··· Excerpted data

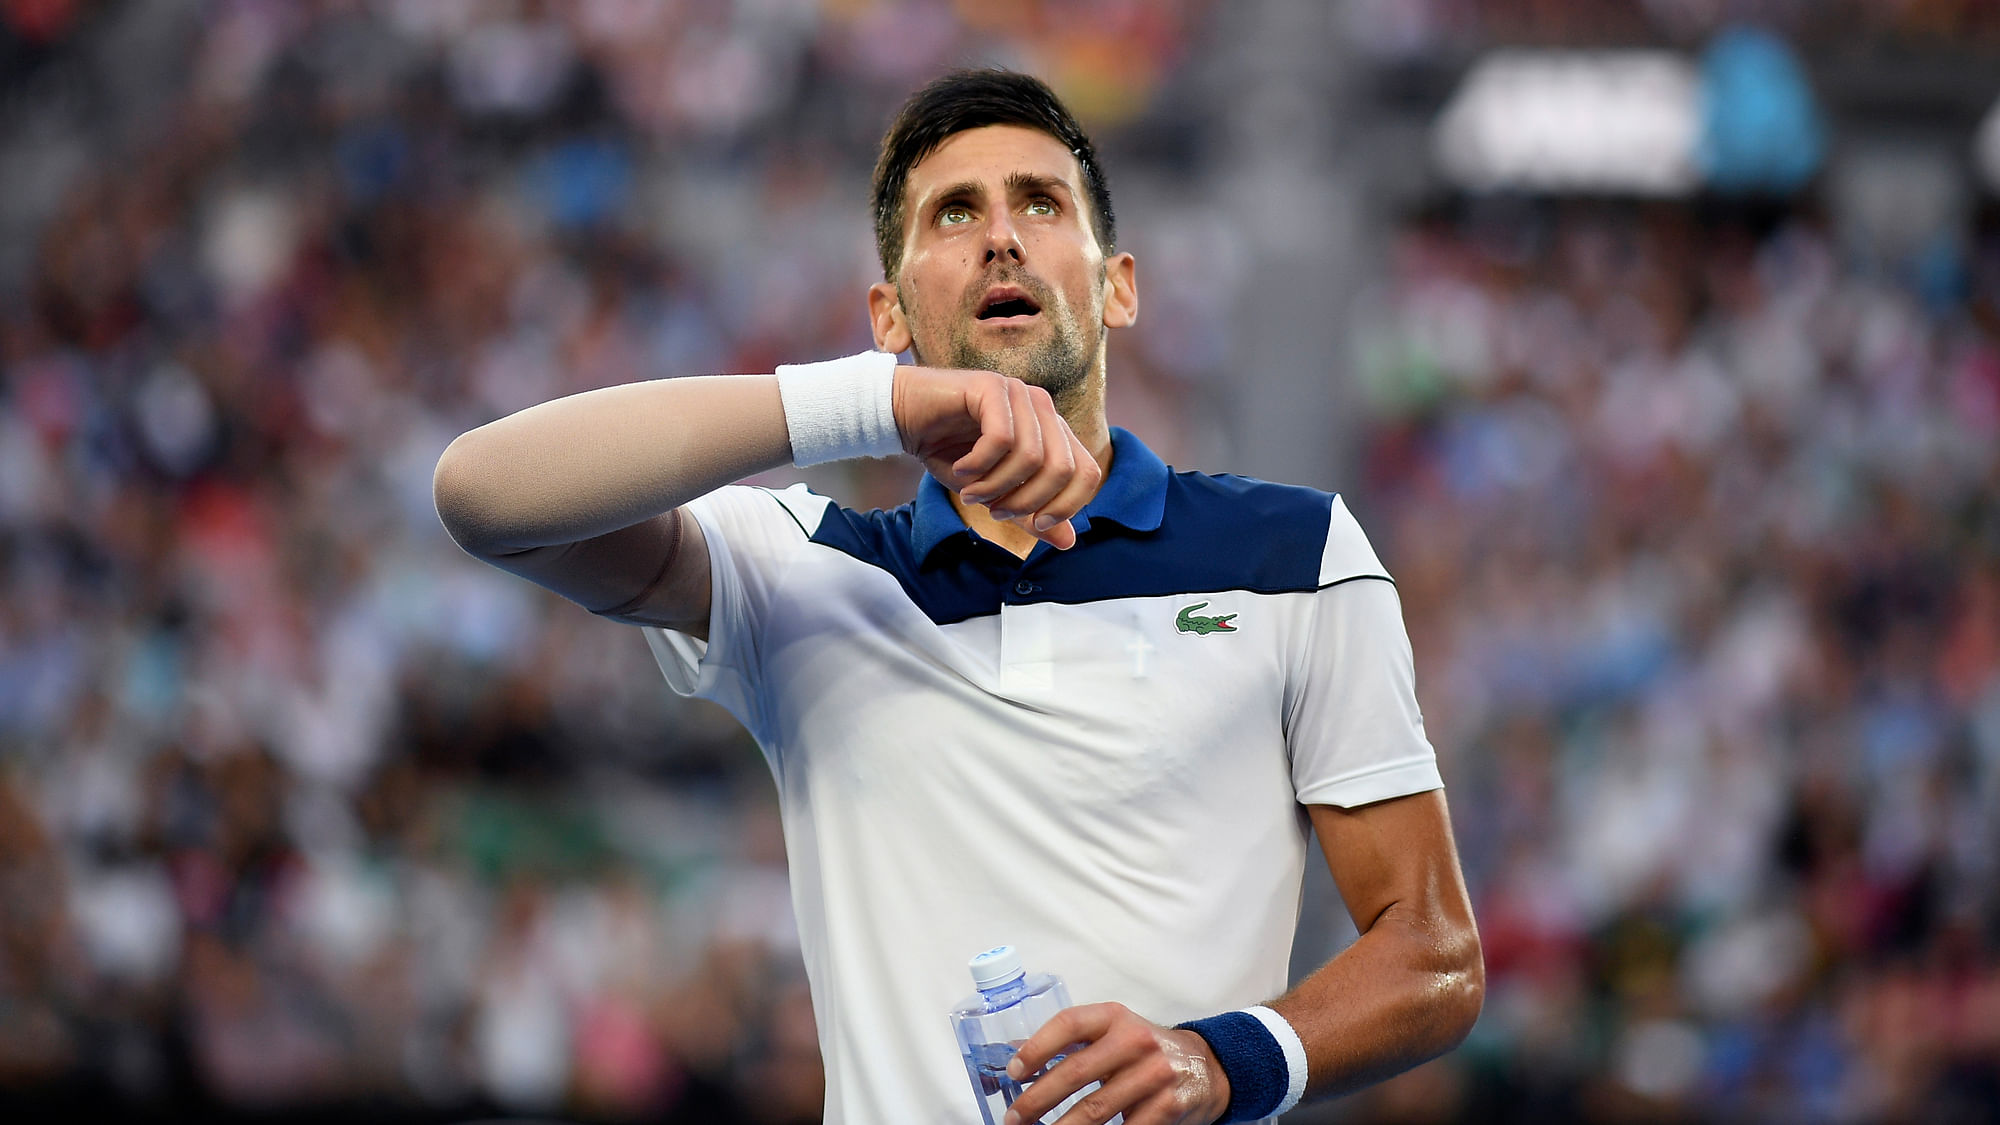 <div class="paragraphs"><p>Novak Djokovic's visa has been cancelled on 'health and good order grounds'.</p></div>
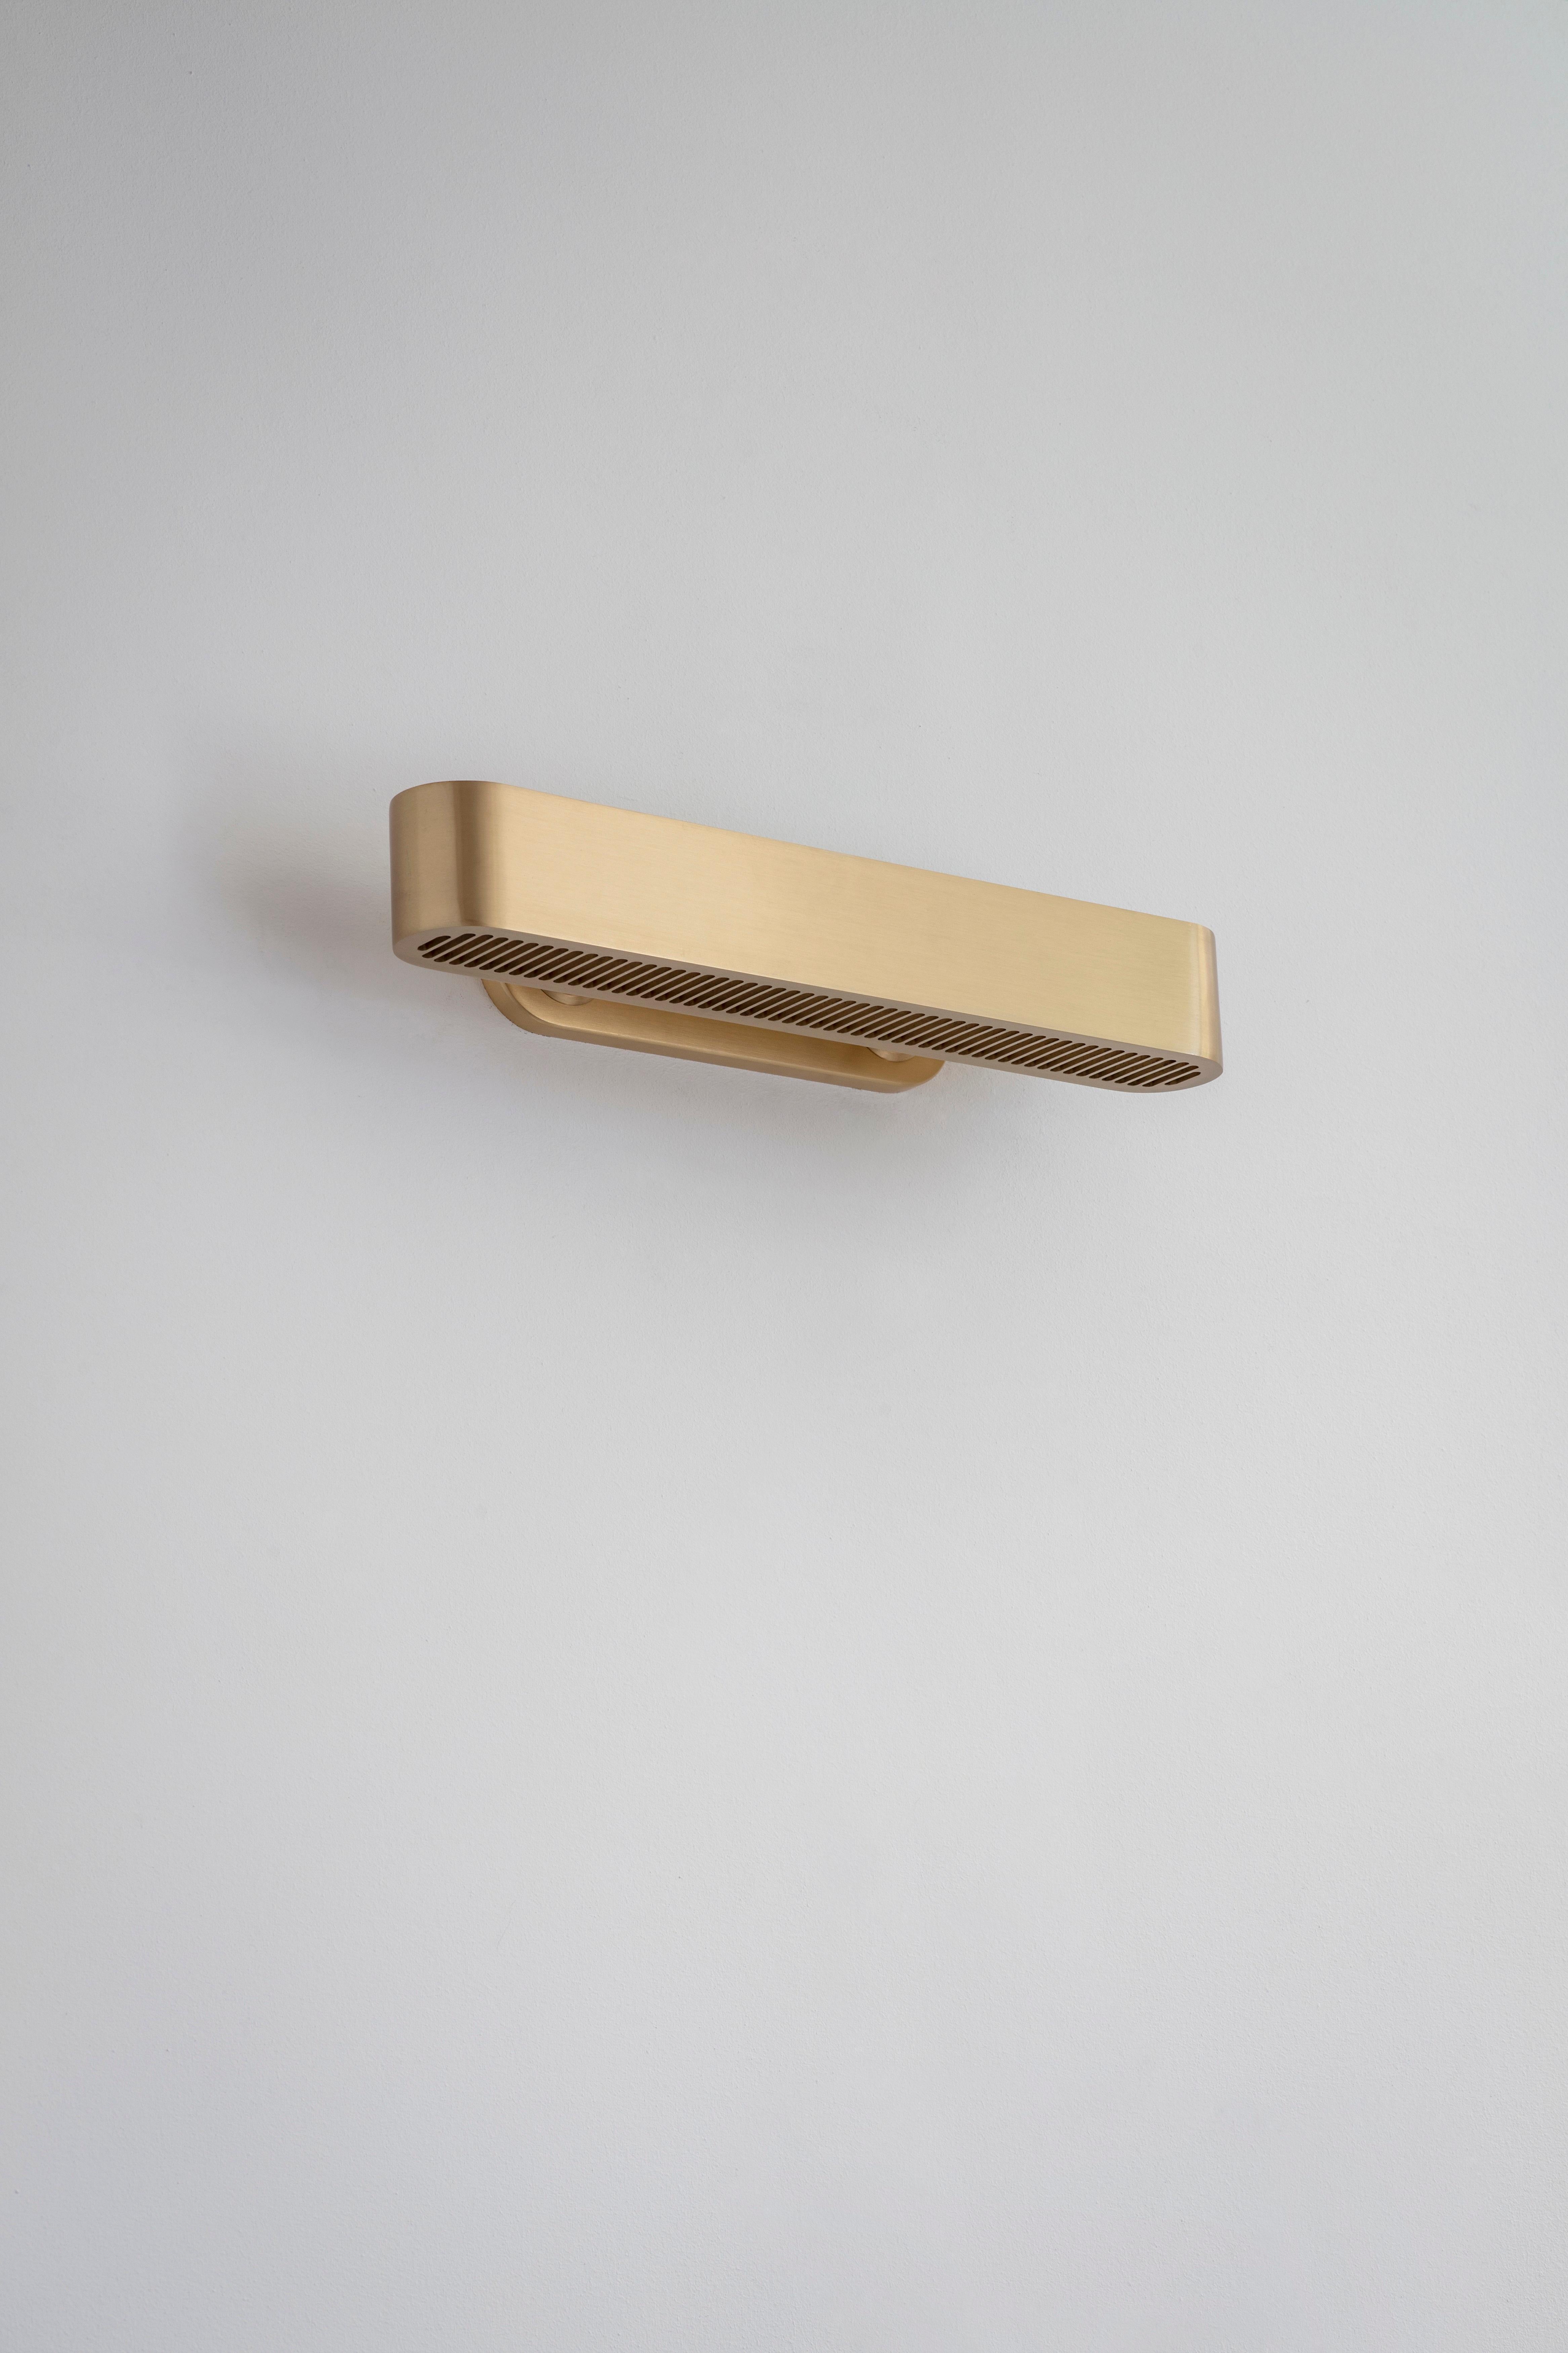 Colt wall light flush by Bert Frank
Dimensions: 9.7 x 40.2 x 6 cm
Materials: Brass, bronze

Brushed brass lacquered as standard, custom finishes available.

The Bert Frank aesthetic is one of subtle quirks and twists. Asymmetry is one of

······

» Instructions for the task
Output the entries verbatim but drop the images.

» Answer for the task
 <div class="paragraphs"><p>Novak Djokovic's visa has been cancelled on 'health and good order grounds'.</p></div>
 Colt wall light flush by Bert Frank
Dimensions: 9.7 x 40.2 x 6 cm
Materials: Brass, bronze

Brushed brass lacquered as standard, custom finishes available.

The Bert Frank aesthetic is one of subtle quirks and twists. Asymmetry is one of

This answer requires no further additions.